The phrase “One version of the truth” has been used across all sectors as a succinct way of saying that data should be consistent without any ambiguity about which value to use by eliminating all the alternatives that might arise through inefficiency in the systems and processes used to collect and manage data. Like many expressions its purpose has been blurred over the years and it is not unusual for business representatives, data architects, and data managers to raise it instinctively if anyone should so much as mention the words “data principle”. Over a number of years I have ranged from liking the expression, to resisting it and now am certainly inclined to question it. What makes me question it?
When you break the phrase down into its parts the first challenge is “one version”. A version implies that it may change over time and only one is allowed. So, all the rich history of what we thought was true at the time is not permitted?
“Version of the truth” is also somewhat challenging. The truth is the truth, it doesn’t have versions – it just is! The truth may change over time but if it is correctly recorded then at any instance in time there is only one truth.

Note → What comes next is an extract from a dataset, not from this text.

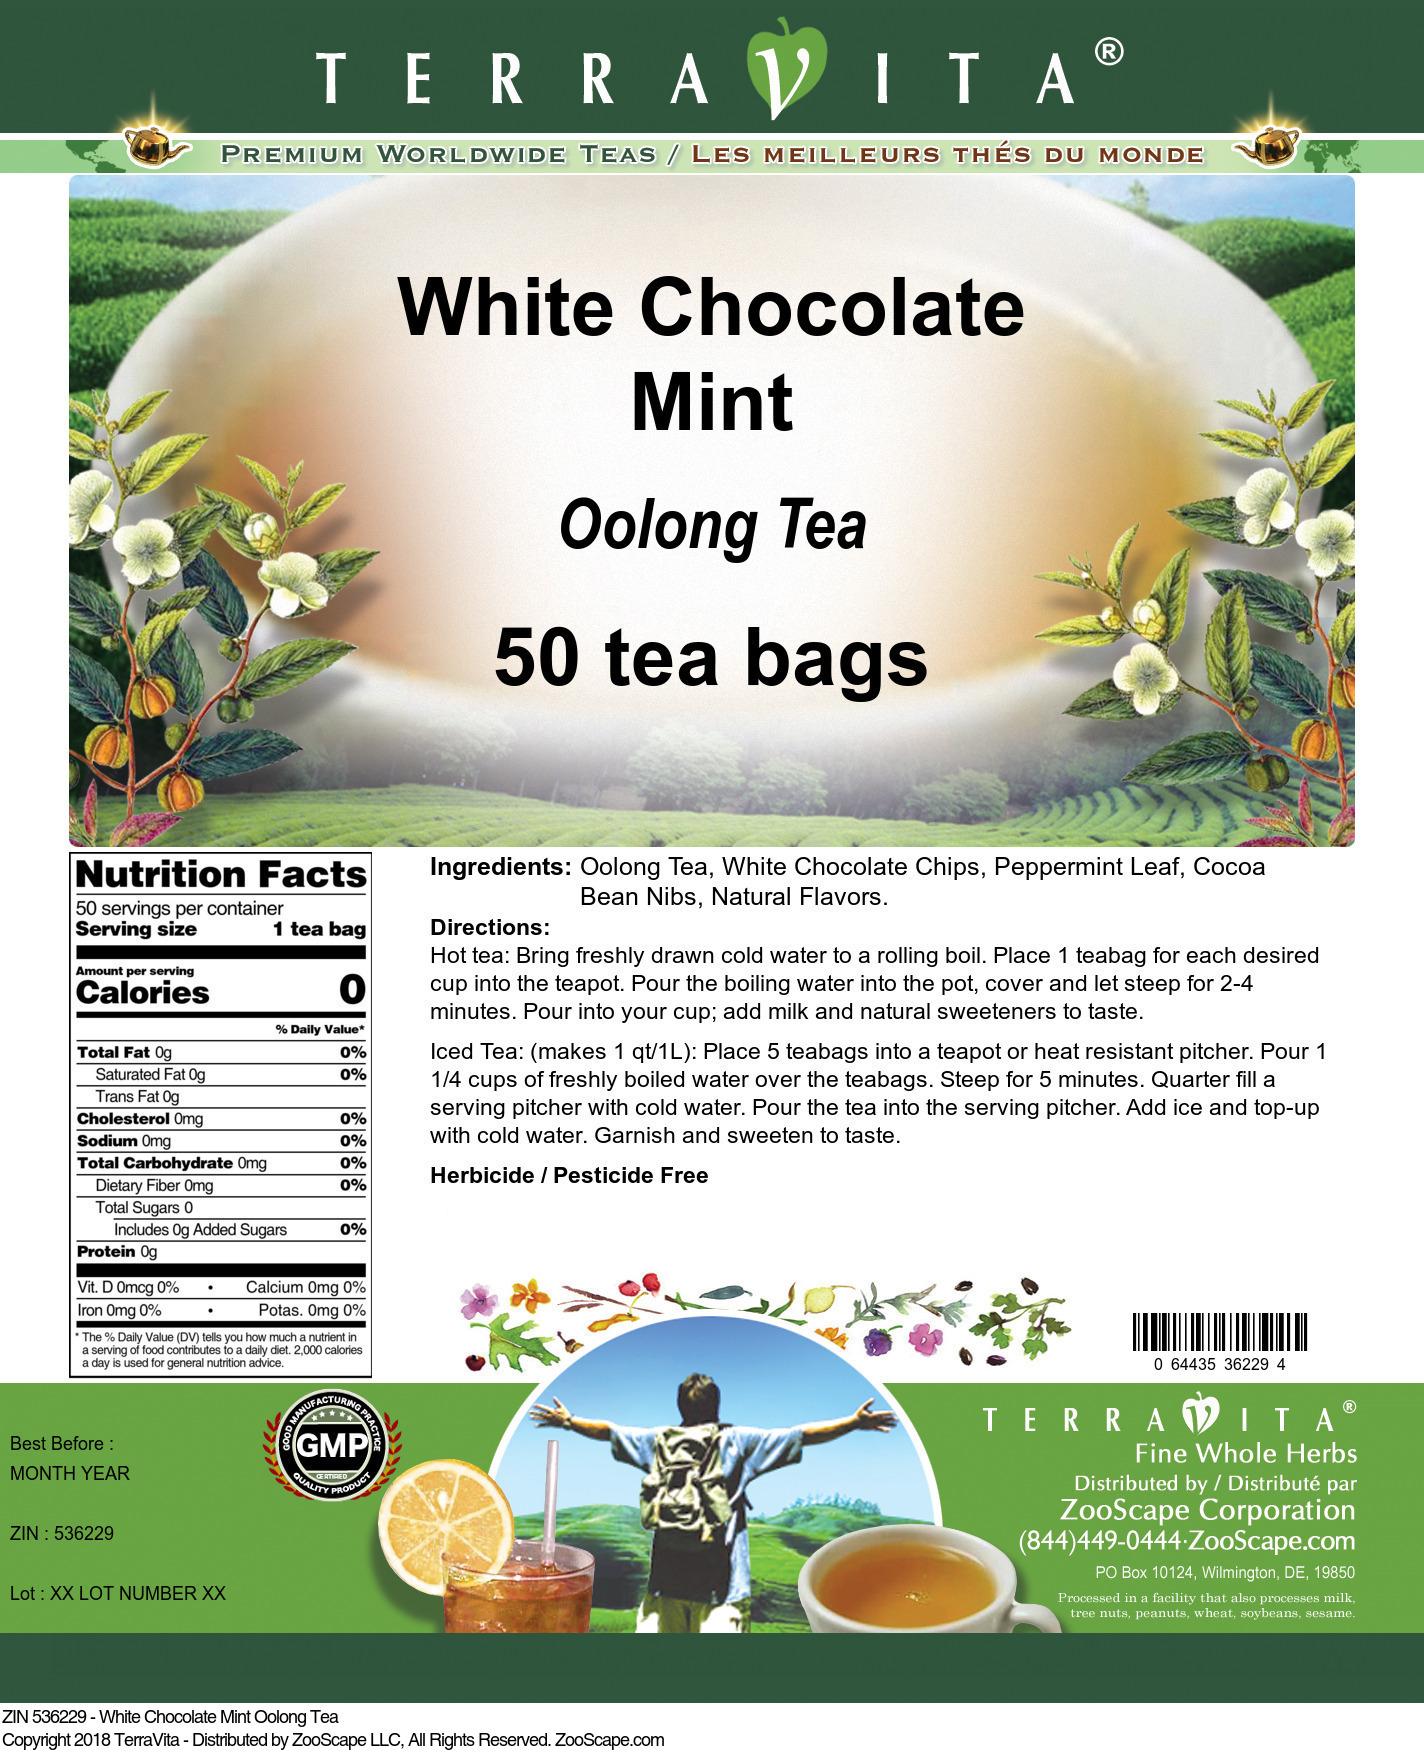 White Chocolate Mint Oolong Tea
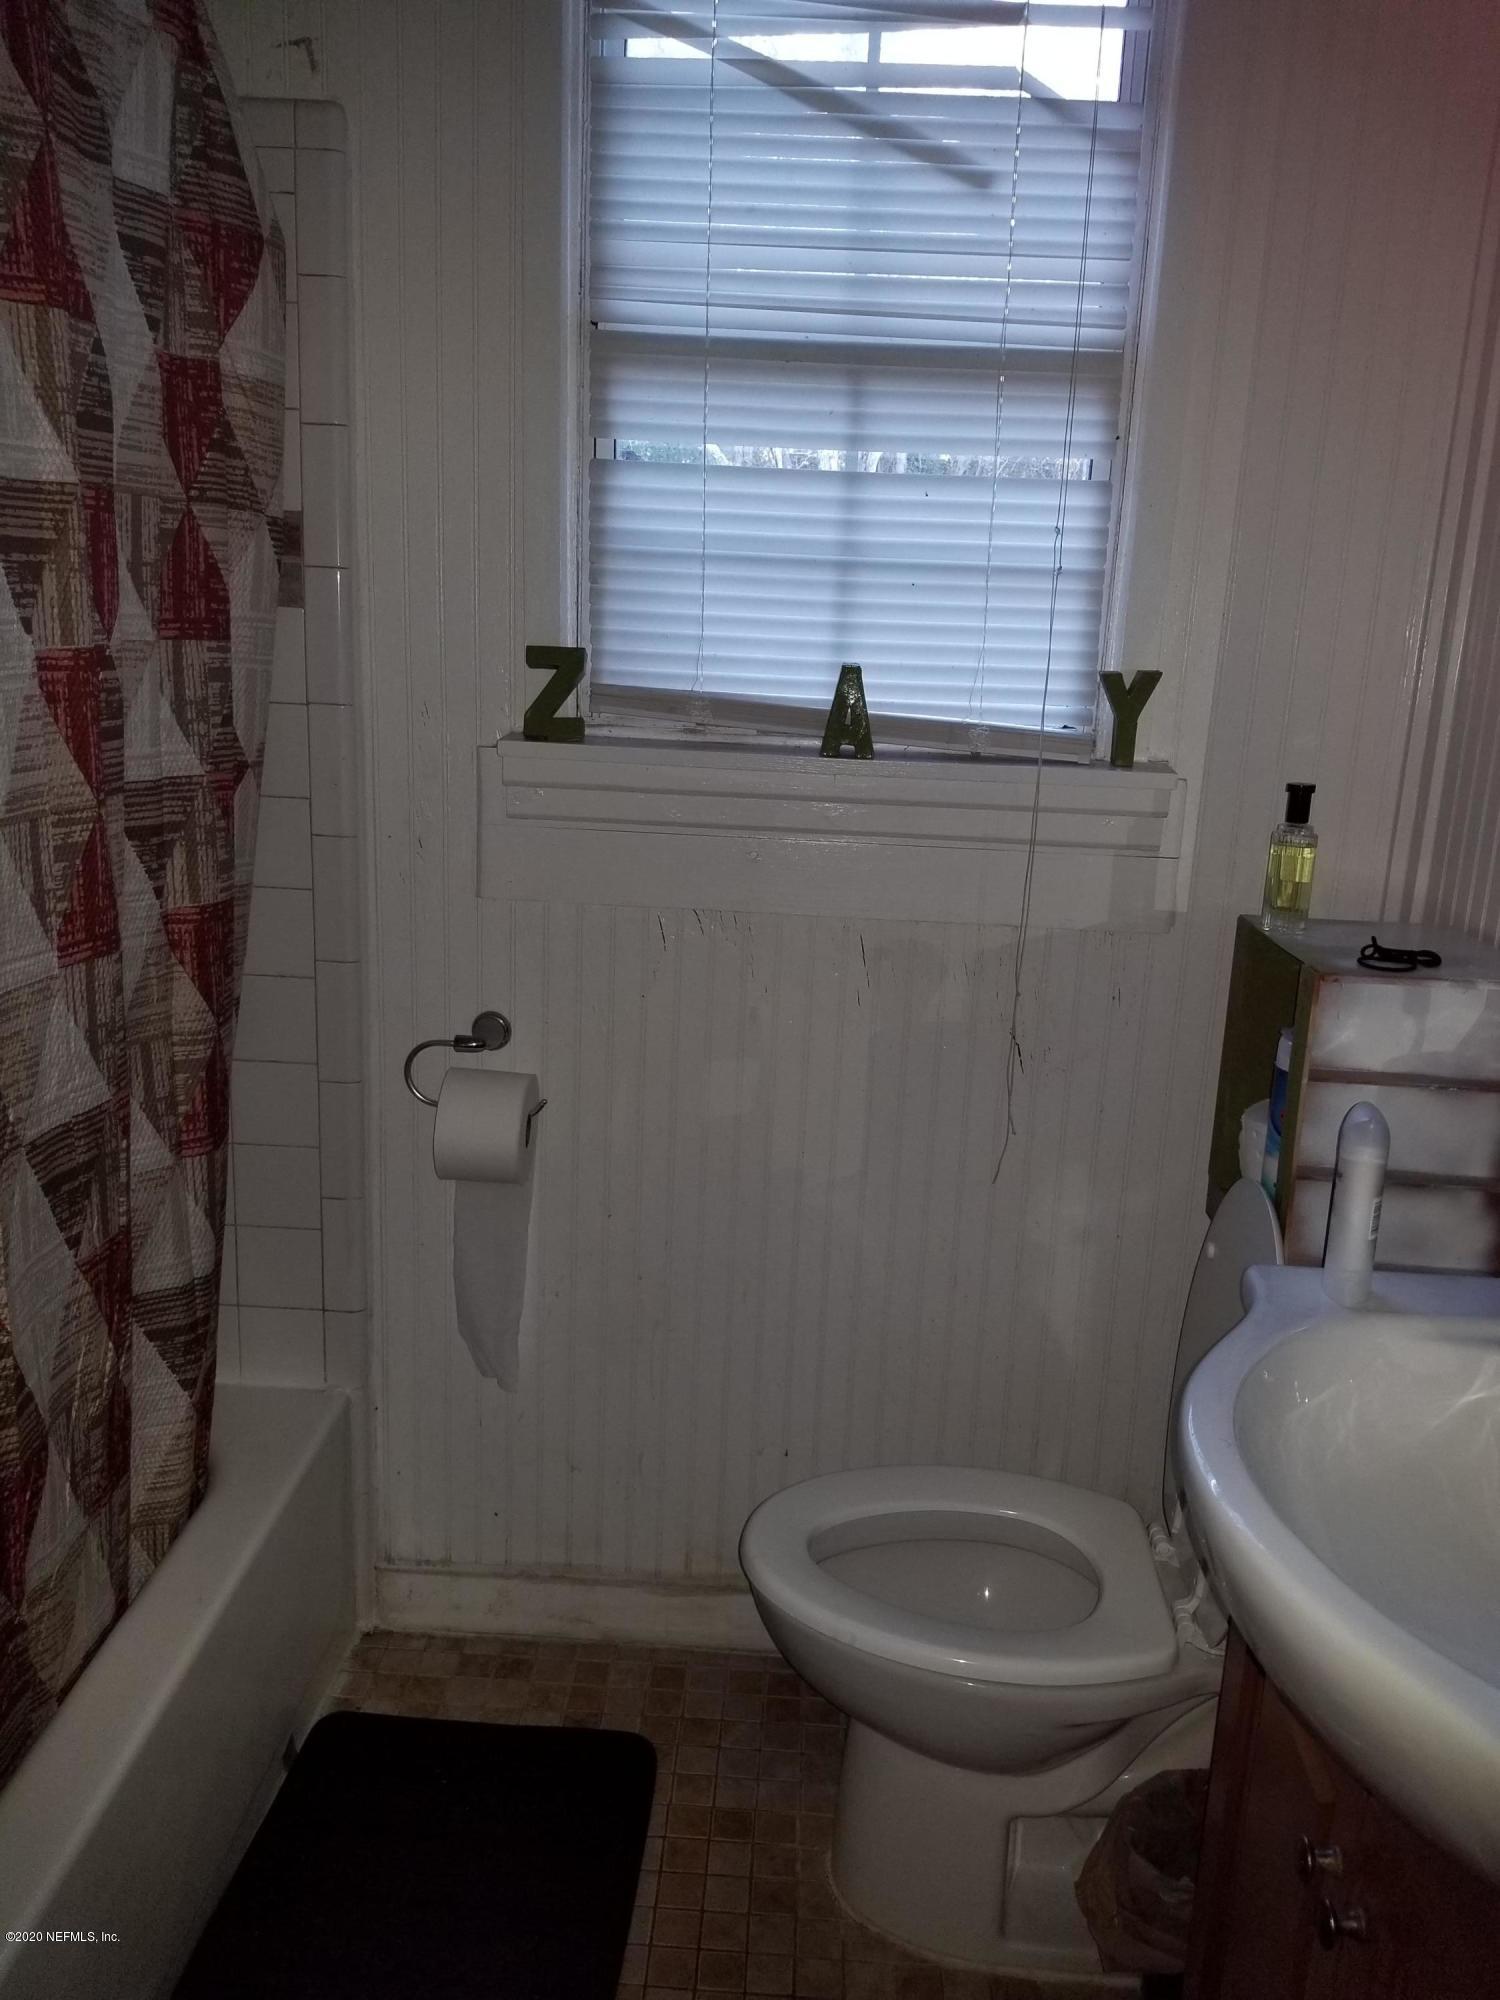 2647 BARRETT, JACKSONVILLE, FLORIDA 32246, 3 Bedrooms Bedrooms, ,2 BathroomsBathrooms,Residential,For sale,BARRETT,1080428

Why does any of this matter? The first thing is it is important that organisations remember that their databases don’t store “the truth” but instead store someone or something’s perception of the truth. The moment you accept this it is worth considering why you might only want “one version of the perception of the truth”? For example, in a large retailer daily sales can be derived from what passes through the Point of Sale systems in stores. However, it can also be derived from the cash and card transactions, ie takings. When the raw data sets are consolidated through different systems (Supply chain and Finance) and then arrive at the boardroom as different figures, which one do you accept? When making decisions, should you only use one of them, and if so which one? Or might it be better to maintain both and try to determine why they are different and then eliminate the sources of error?
No-one would deny that having one version makes it easier to make decisions but to make good decisions requires accurate data. One version that is wrong is worse than having two versions (right or wrong!) since it will be used as the truth despite being wrong. With two versions you have to investigate further and while that might be tedious and expensive it at least adds value compared to blindly accepting one version of the truth!
So if there is to be an overriding principle for data perhaps it might be “when there is one correct answer we should know what it is” – not quite as catchy (I am a data person not a marketing one!) but perhaps rather more useful?